In October 2012 he joined the hunt for missing five-year-old April Jones in Machynlleth, Wales. He says: “We did a lot of river work then aerial reconnaissance.

“We found a remote caravan which we went to search hoping she might be there – abducted, but alive. We did what we could, but poor April was never going to be found.”

Local man Mark Bridger, 46, was found guilty of her abduction and murder in May 2013.

Peter tells the story of two divers who died at a specialist centre in Chepstow.

He says: “Police realised they had snuck in on a Friday evening after the place had shut, rather than pay. That cost them their lives. The man was only an average diver and the woman with him was a beginner.

“But the lake – an old quarry – is used to train commercial divers and was too deep even for police teams to search.

“I used our mini-submarine to dive down and found them at 230ft, tied together with a buddy line. We had to drag their bodies, suspended from the boat, to a platform to recover them.”

Peter adds: “Afterwards we were exhausted and sitting around a table when the mum arrived. Very emotionally, she thanked us for finding them – and every single one of us had tears rolling down our cheeks.

“Then there was the chap who disappeared after a row with his wife. He was missing for 18 months. Police searched the river 12 times but found nothing. They were about to close the case when I reviewed it with the senior investigating officer.

“Within 10 minutes of starting a scan up the river with the sonar I found two cars. The first was a stolen vehicle from years back but the second one contained the missing man’s body.

“He’d committed suicide by driving into the water.”

As the Human Mole continues saving lives and digging out the truth of bizarre deaths and disappearances, he admits he will always be baffled by that Spy in the Bag Case.

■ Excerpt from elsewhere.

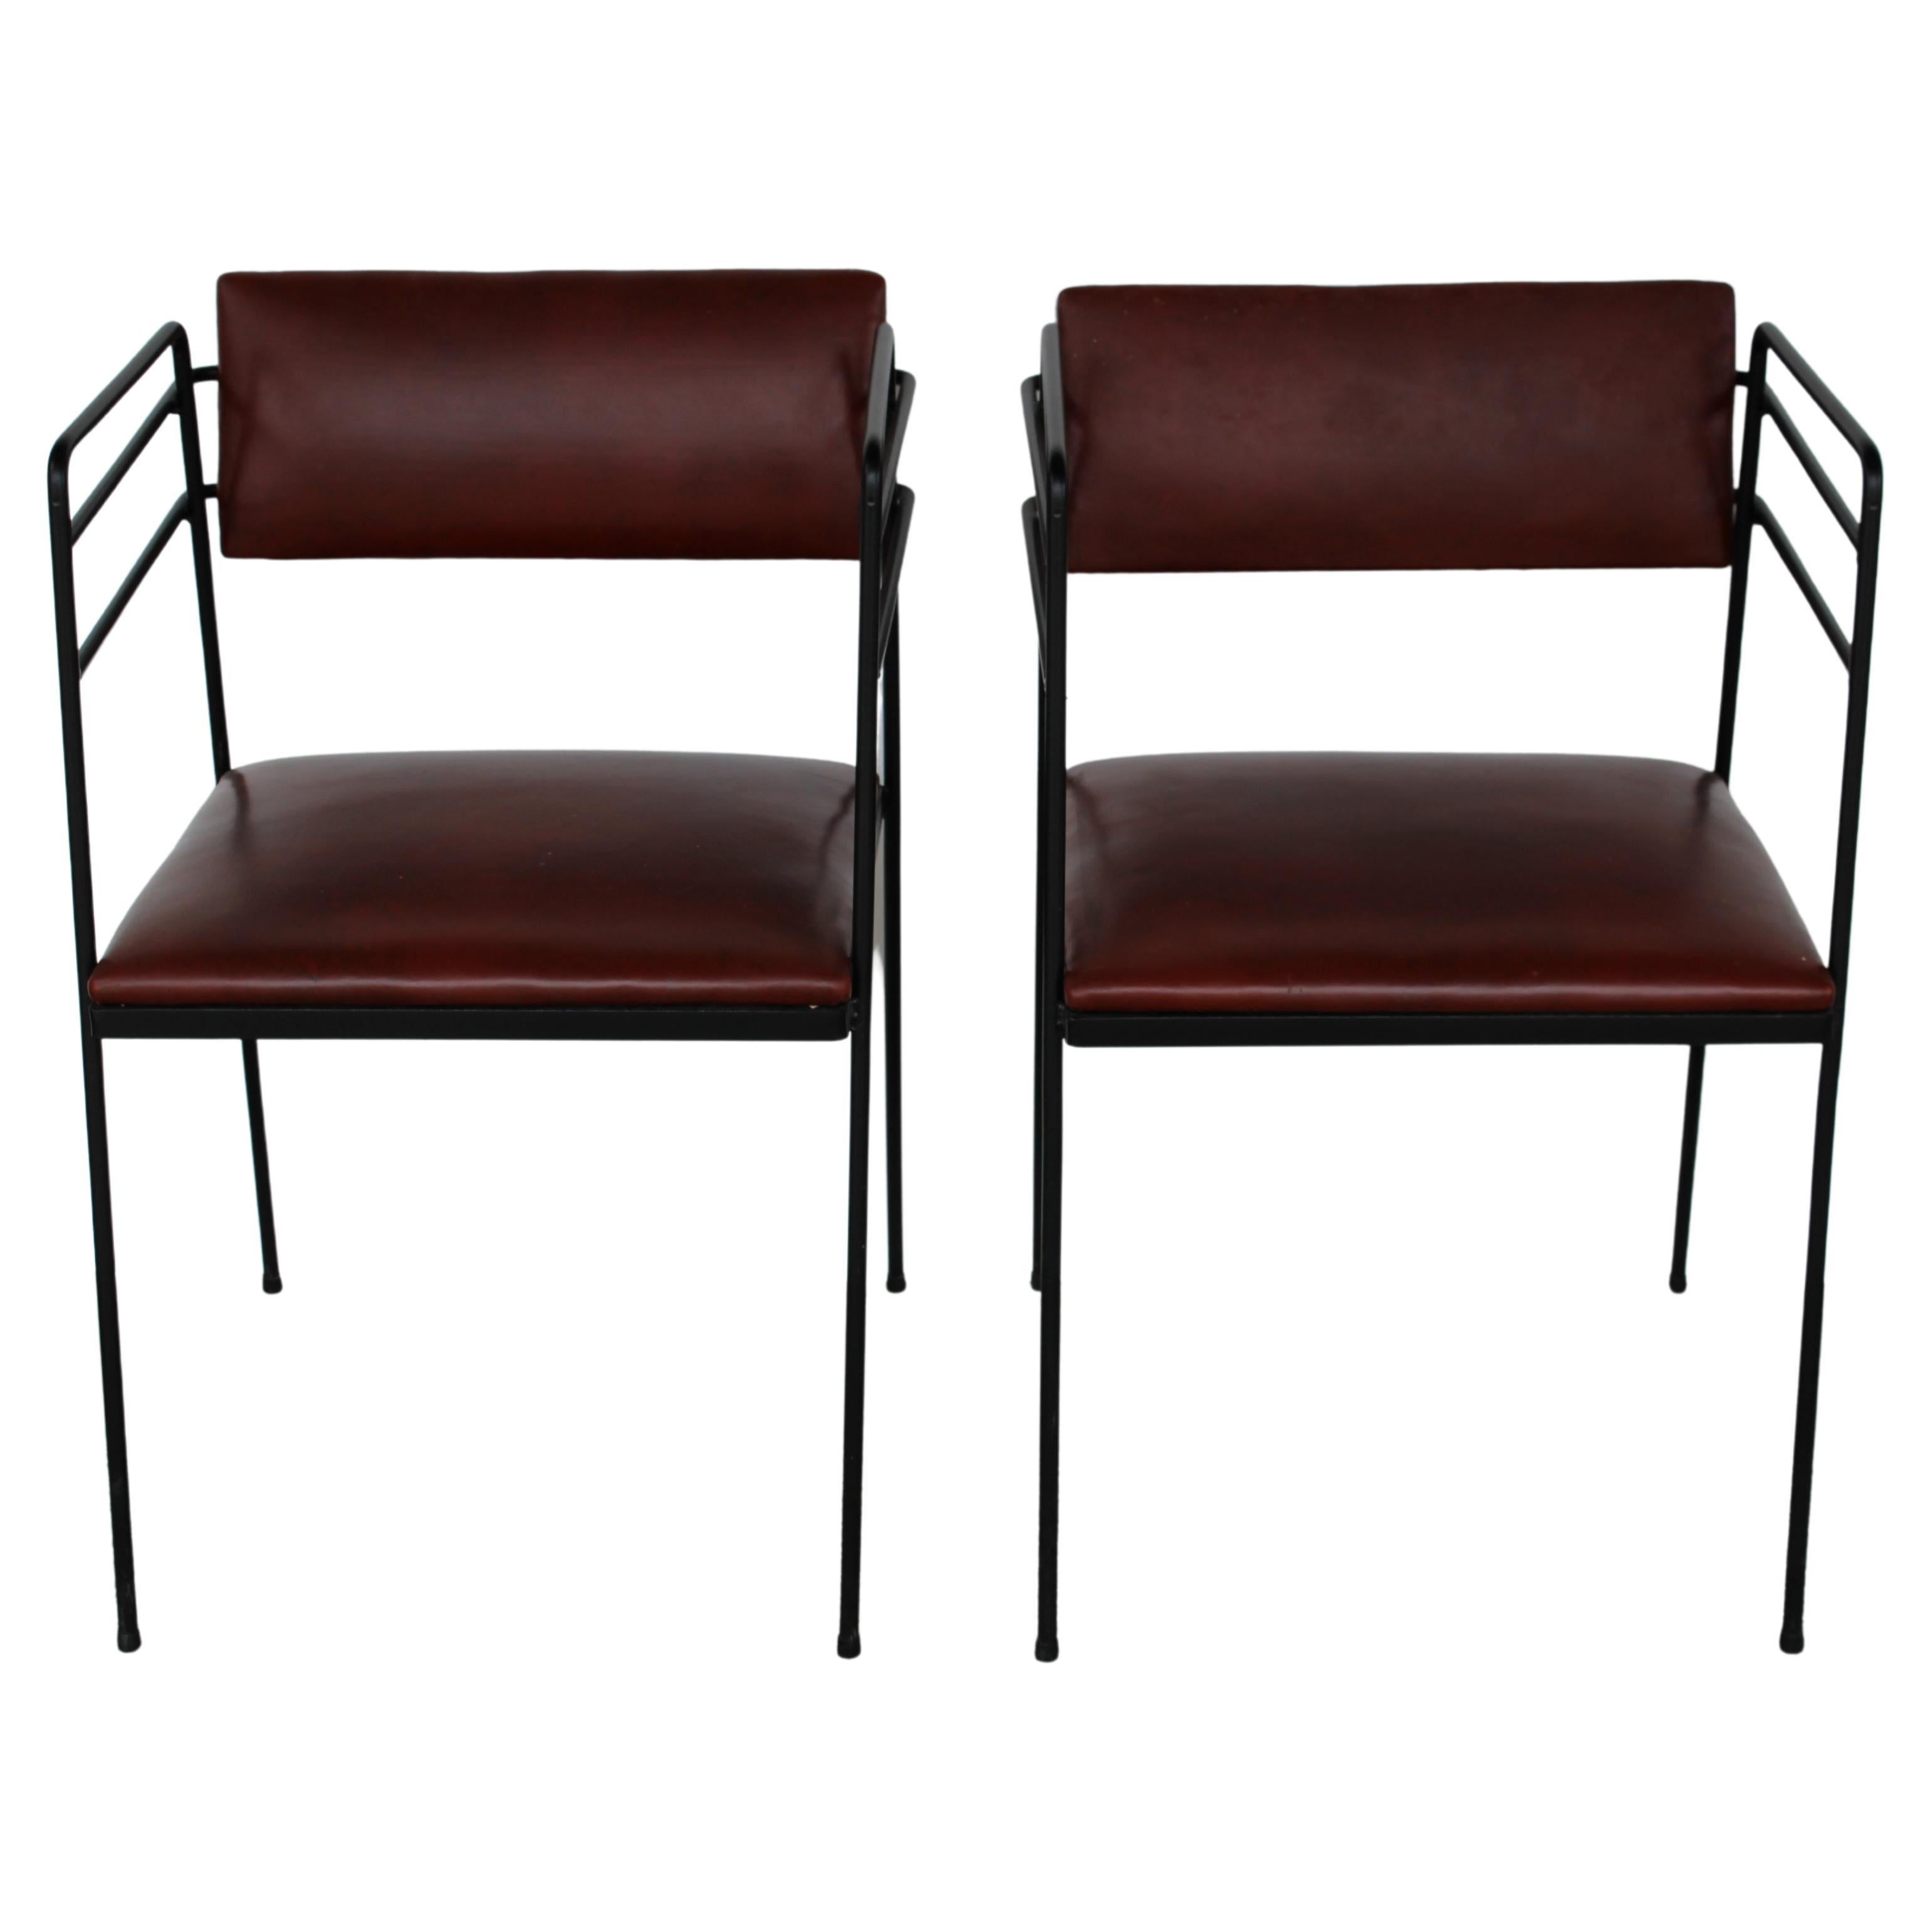 Pair of Mid Century Patio Chairs For Sale

“I don’t think we’ll ever know why he was killed but I’ll always be wondering,” he says. “It’s the most puzzling case I have ever dealt with.”

Swampy's protest, 1996

Bypass construction protester Swampy (Daniel Hooper) dug himself into a tunnel in Honiton, Devon, and Peter was brought in to get him out safely.

“As we dug towards them they’d fill their tunnel with soil and oxygen levels were dangerously low. They were also smoking dope. I used a chimney rod with a hose to pump air through. They would have died within about two hours without it.”

Missing April Jones, 2012

“We had a team of five, our helicopter, diving gear and a remote submarine with side-scanning sonar equipment.

We did a lot of river work then aerial reconnaissance. We found a remote caravan which we went to search hoping she might be there, alive. But poor April was never going to be found.”